I started submitting designs seriously after the dreaded 1990 design. That year, we had no entries. None. In order to have a t-shirt that year, we came up with the "property of " design. I didn't want to see that happen again, so I created one for the 10th anniversary year.

So, here's my opinion on what it takes to make a good t-shirt design. First, you have to know that we've found that black t-shirts sell much better than any other color of shirt. It's currently our policy that the shirt must be black. When you are creating your design, keep this in mind, and work on a black background if you can. I will also confess that other than the 1982 design, all of mine have been done on a computer. 1991 to 1996 were done on Drawperfect 3.1 and from 2001 on, in Photoshop. You will of course have to work with your medium of choice, but it will be converted to a TIF file for the printer before we are done. So, if you start electronically, you will be more flexible for adjustments later.

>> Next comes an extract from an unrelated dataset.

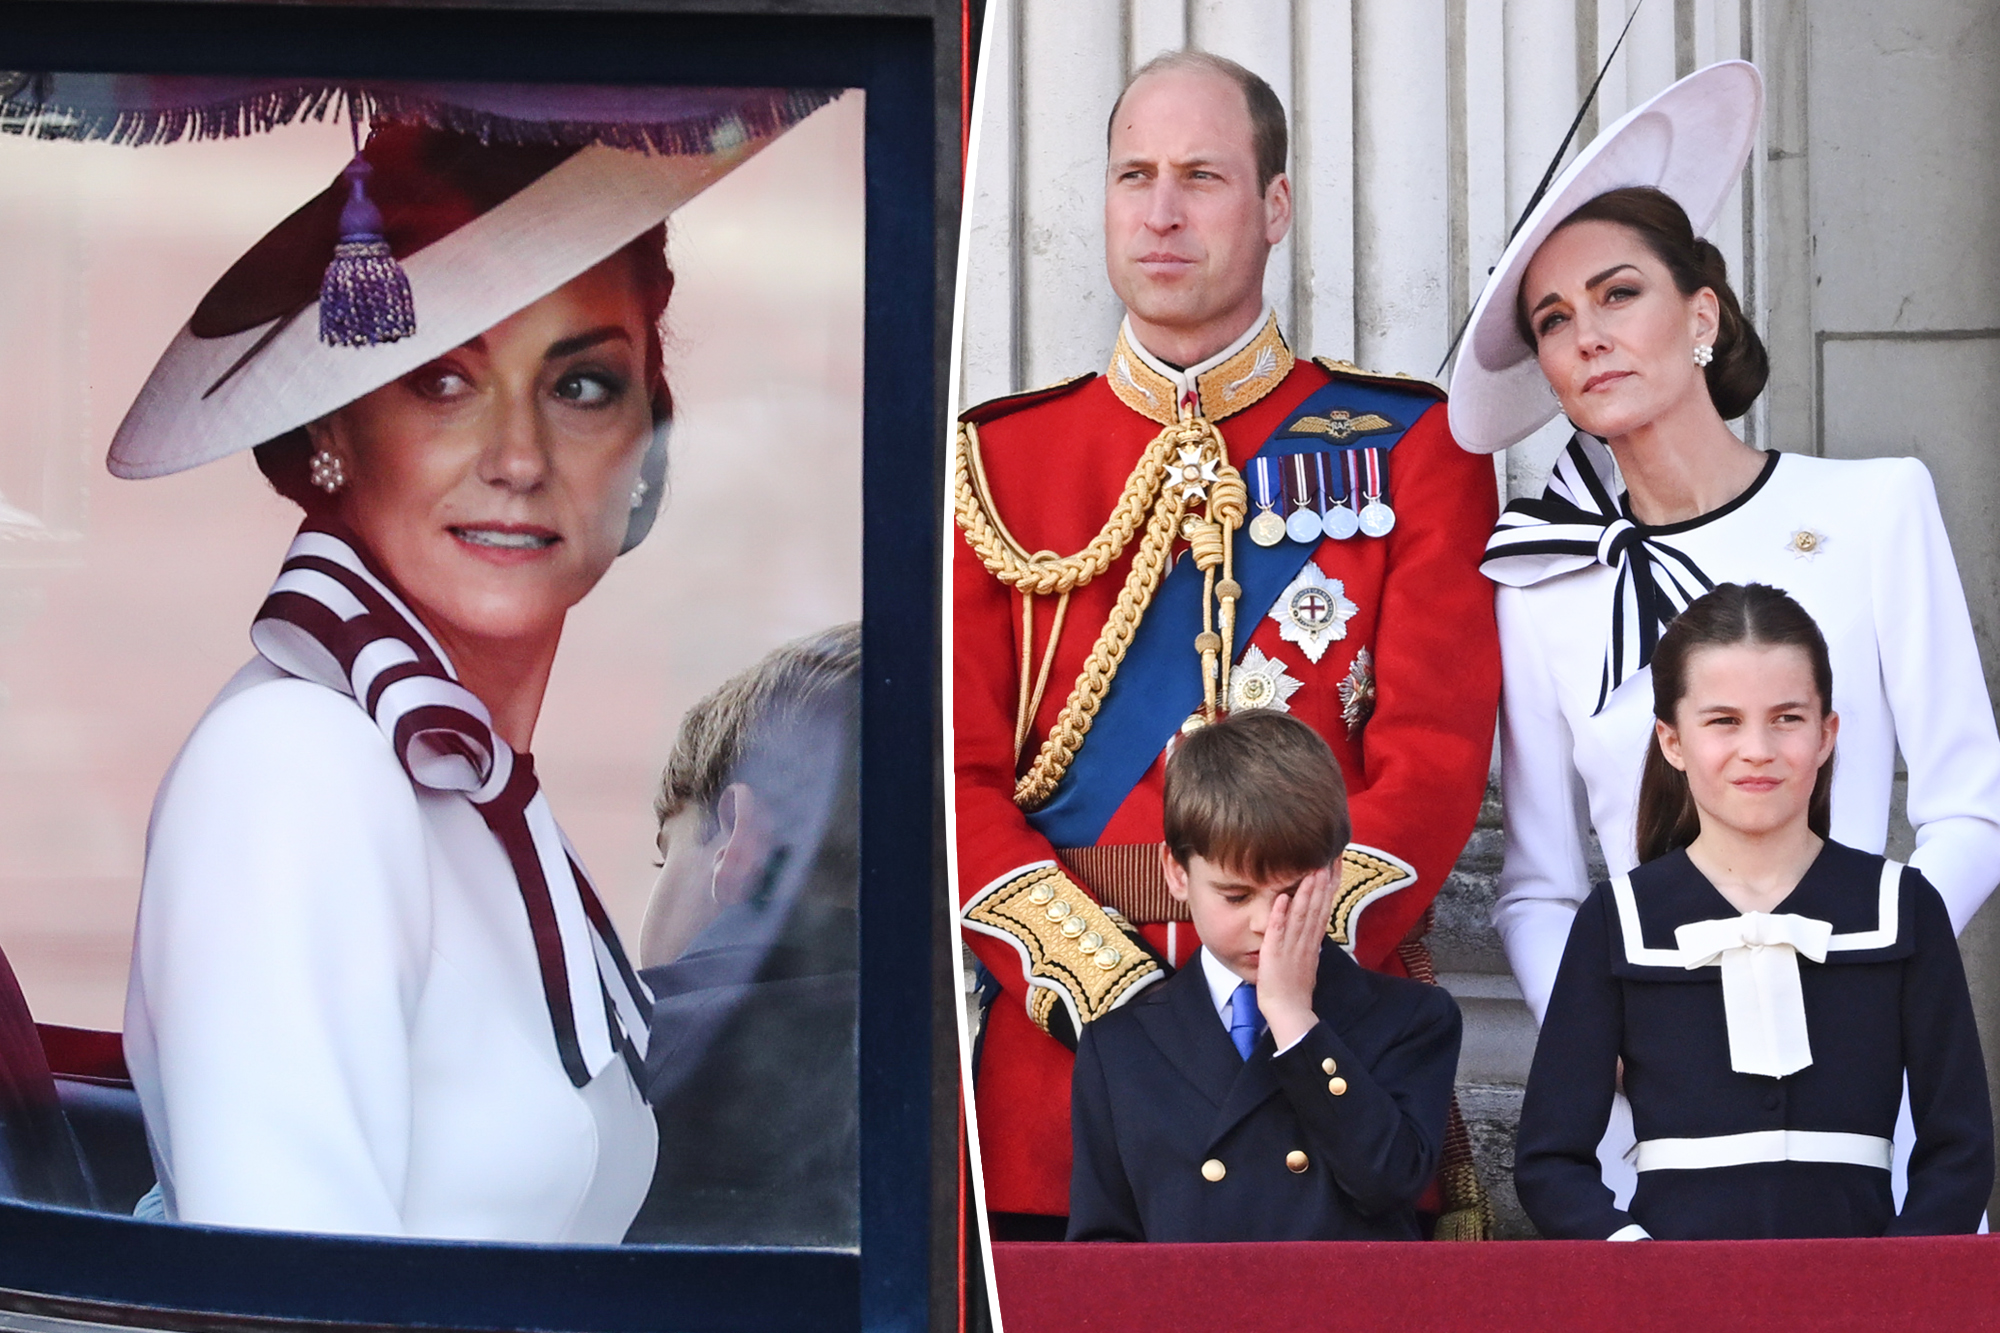 Kate Middleton's Brave Battle: Trooping the Colour Appearance Amid Cancer Struggle
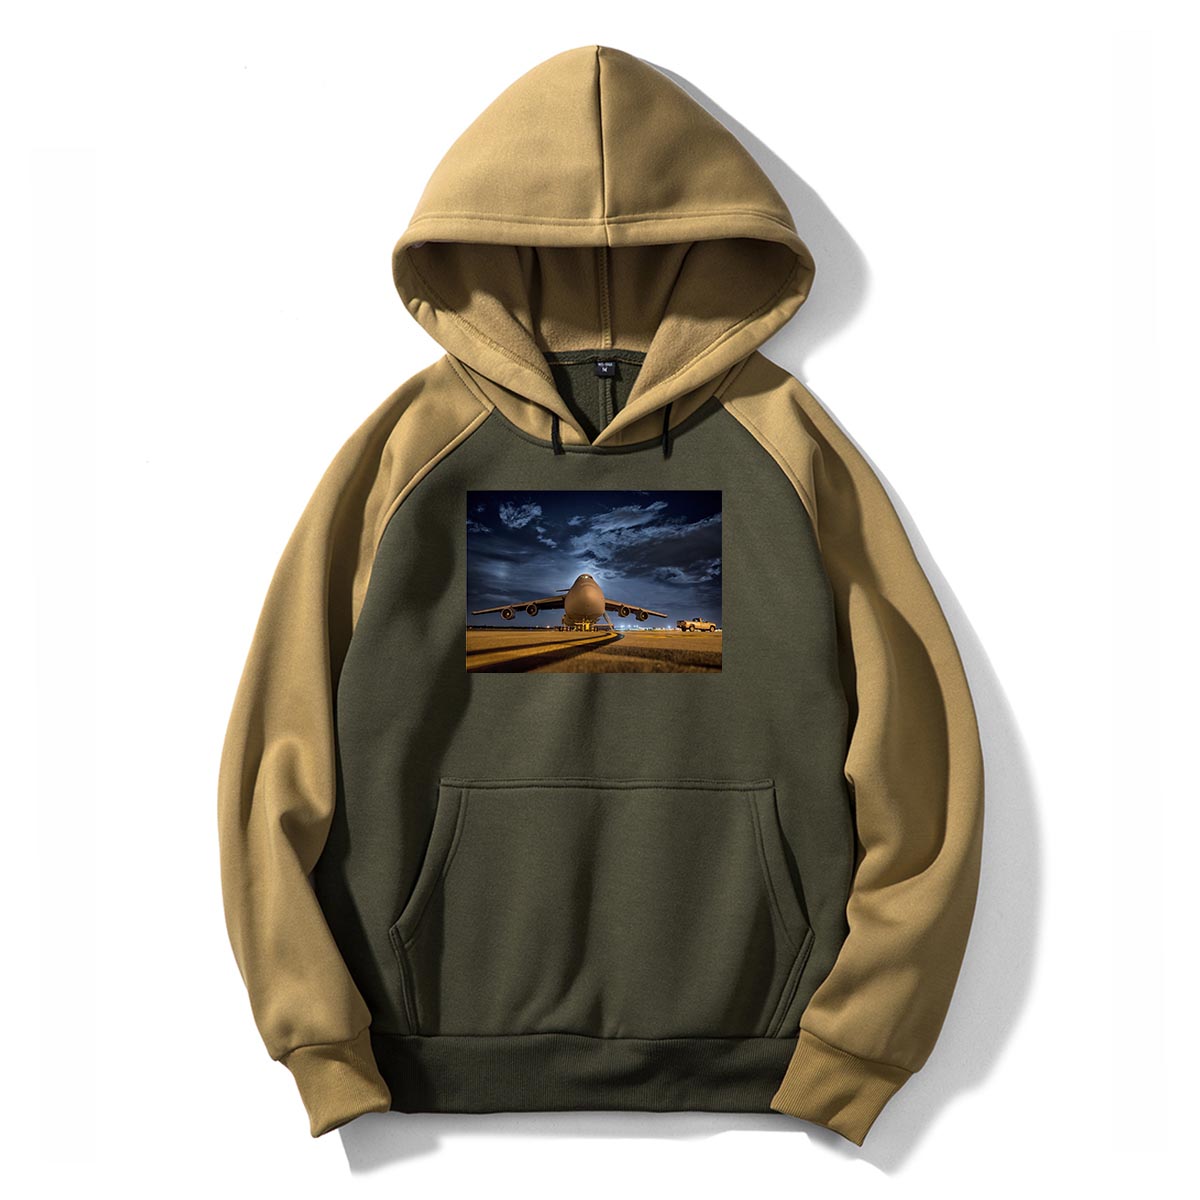 Amazing Military Aircraft at Night Designed Colourful Hoodies

When doing a design, you should know that you can use different colors to create your image, but you can't get photo-realistic in your design. Things like shading, half tones and such just will not reproduce well. Stick with solid line art in no more then 4 colors max. (i.e. 2003 Skulls) {ok, 2001 used 5 colors). Standard colors work best, but you can do others too. 2006 used an Ocher color in the design.

Line thickness is also a factor. Your lines should not be smaller than 1 mm, or else they may be broken, or incomplete. If the lines are supposed to fade at that point, then fine. But keep this limitation in mind.

Quantity of coverage can be an issue too. We've found that if there is a lot of ink over a large area, it makes the shirt hot and you sweat under the design. Ben and I agreed, after the fact, that the retro future shirt of 2002 had too much white area. Those could have been done as shaded or outlined and it would have worked better. This concept was in my mind as I did the 2006 design. The rays from the top are done in jagged lines to limit the paint covering the shirt.
<-how it was------how it should have been-
All designs must have the name Necronomicon and the year in it. This year should be rendered as 201, not '17. Using the Necro Glyph somewhere in the design is suggested too, but it's not required. You can download a zip file with the glyph in it from here.

Click the image to download a 1.2mb zip file that contains:
One layered, Photoshop 7 .PSD file, 1600x1600 in 200dpi, 1.5mb
One 1600 x 1600 200dpi .JPG file white on black, 740K
One 1600 x 1600 200dpi .JPG file black on white, 740K

For a number of years, the program book has been written with a "theme" in mind. Mostly to keep the writers from getting bored and submitting the same program book, year after year. The Convention itself has sometimes reflected this theme in other ways. While the T-shirt design does not HAVE to follow the theme, it has on a number of years. ('96, '98, '99, '00, '01, '02, '04, '06, '07, '08, '09, '10, '11, '12). The 2017 Theme is "Time Travel" in any form that might apply! If that doesn't have design potentential, I don't know what does.

If you are working electronically, I'd suggest about 300dpi for your work. Width of the design should be about 11-12 inches. Height can be taller. You can submit your entries to me at: jomark@stonehill.org in .jpg format. I'll print them on a color laser for submission and judging. If yours is chosen, I'll contact you about getting a higher resolution version for the printer. (Note, they like a single image file for each color layer, with registration marks for alignment. So don't flatten all your layers if you can help it. )

If you are sending in hand drawn work; that's perfectly fine. We can scan it and electronically separate the layers.

In a lot of ways, you have to think of the design more as a logo than a work of art. It both advertises the convention, and hopefully has a captivating image. We take all submissions and vote on them at our club meeting. I highly encourage you, the artist reading this, to try your hand, and send in a submission. Hopefully, I've shed some light on this process. Thanks, and I look forward to seeing what you can do!